BEGIN Information provided

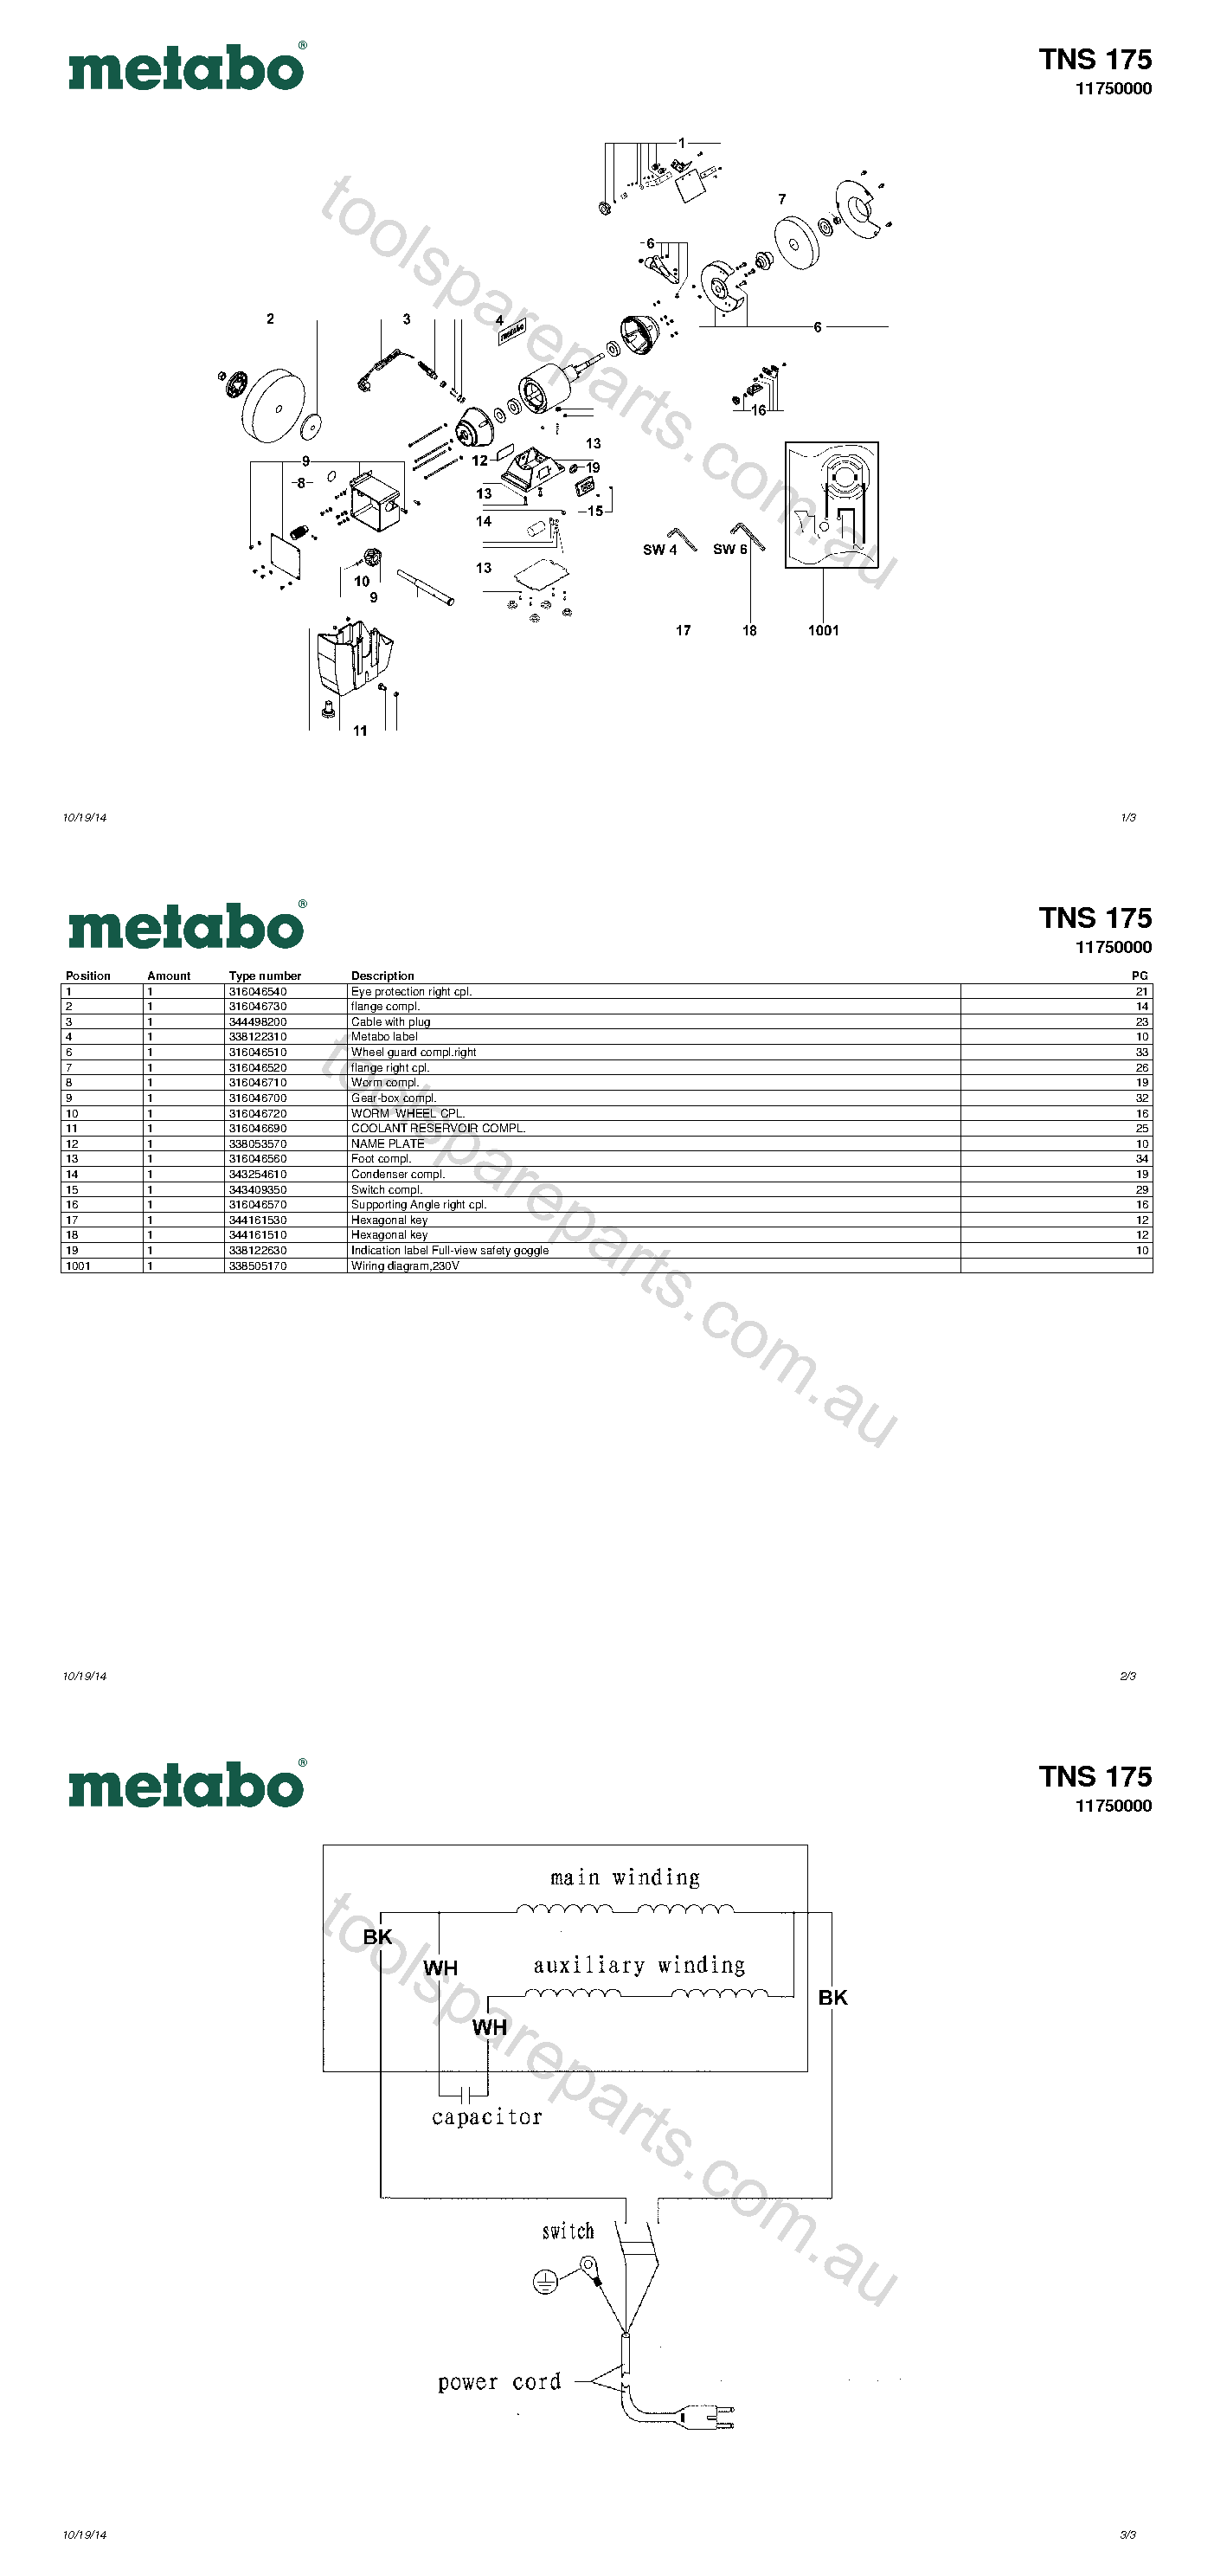 Metabo TNS 175 11750000  Diagram 1
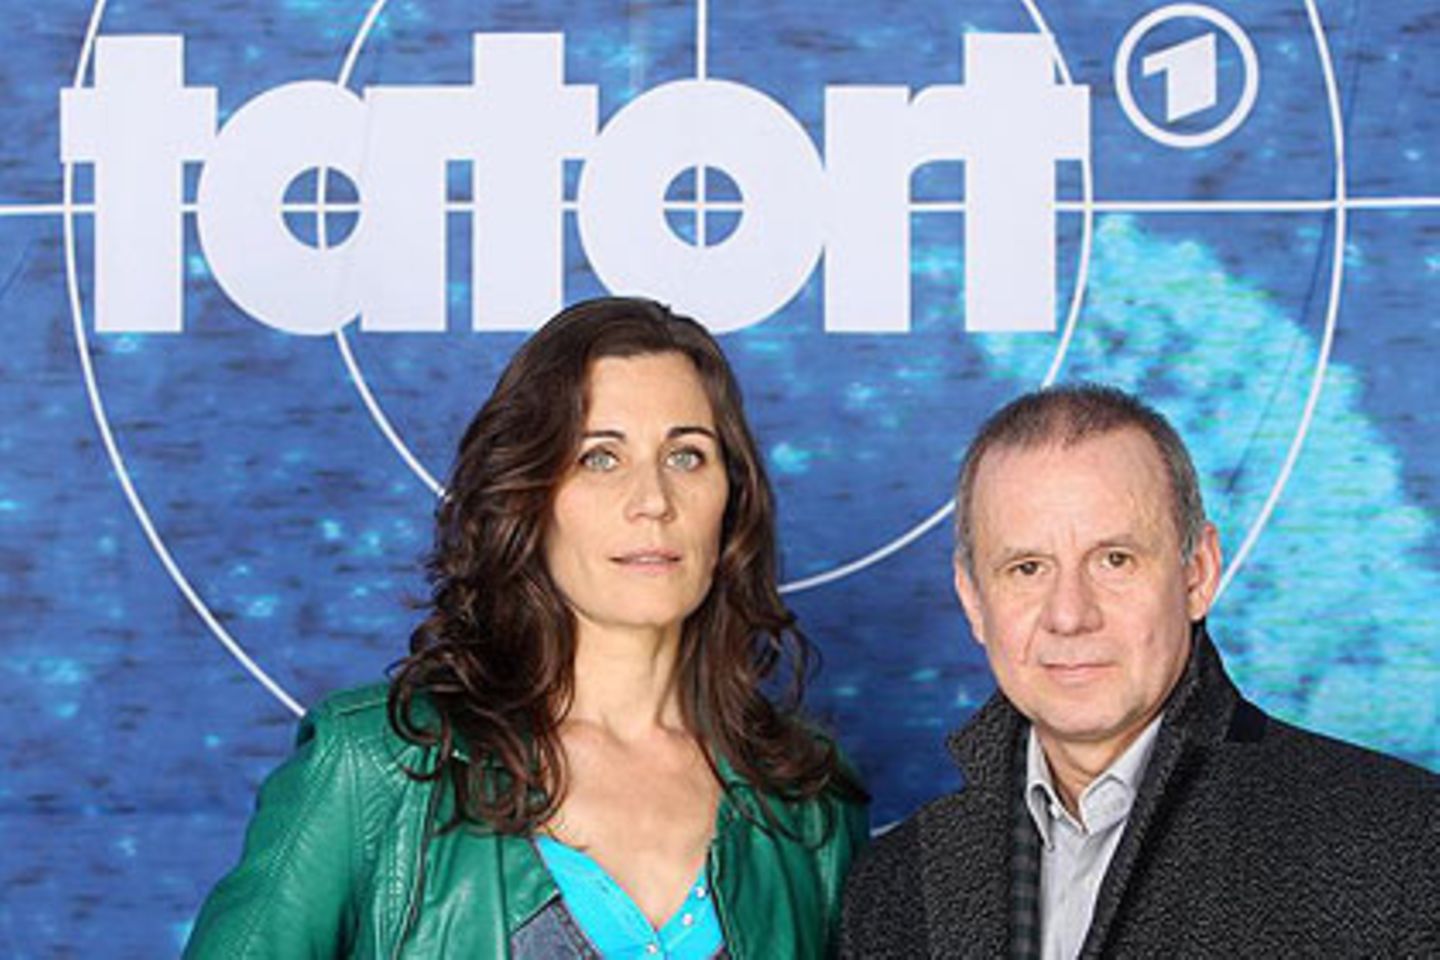 Joachim Król und Nina Kunzendorf im "Tatort"
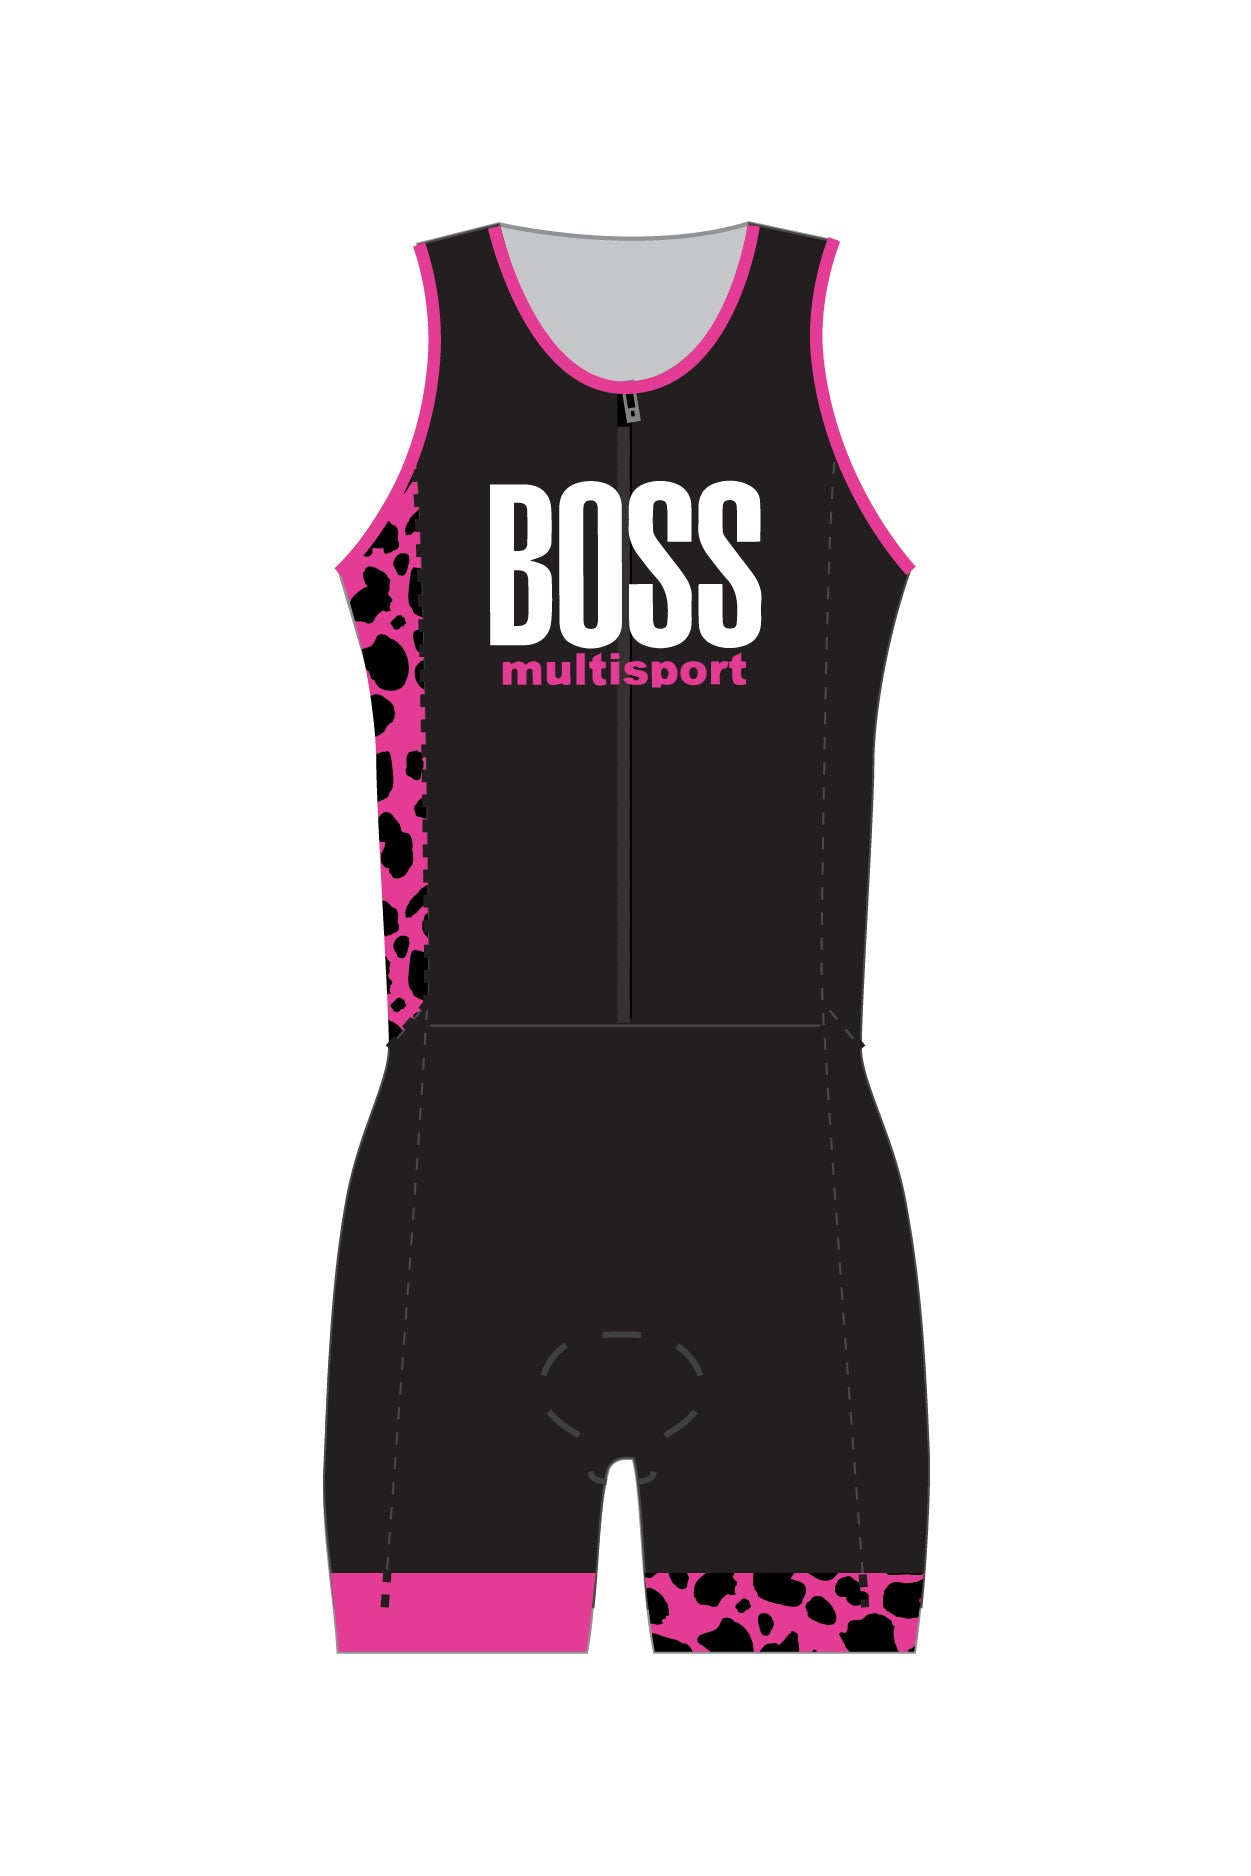 Boss Multisport Women's Zip Tri Suit

END Information provided

**Exercise**
The expected response is every line of the material, written out exactly, with the images removed.

**Problem solution**
 Metabo TNS 175 11750000  Diagram 1
 Joachim Król und Nina Kunzendorf im "Tatort"
 Boss Multisport Women's Zip Tri Suit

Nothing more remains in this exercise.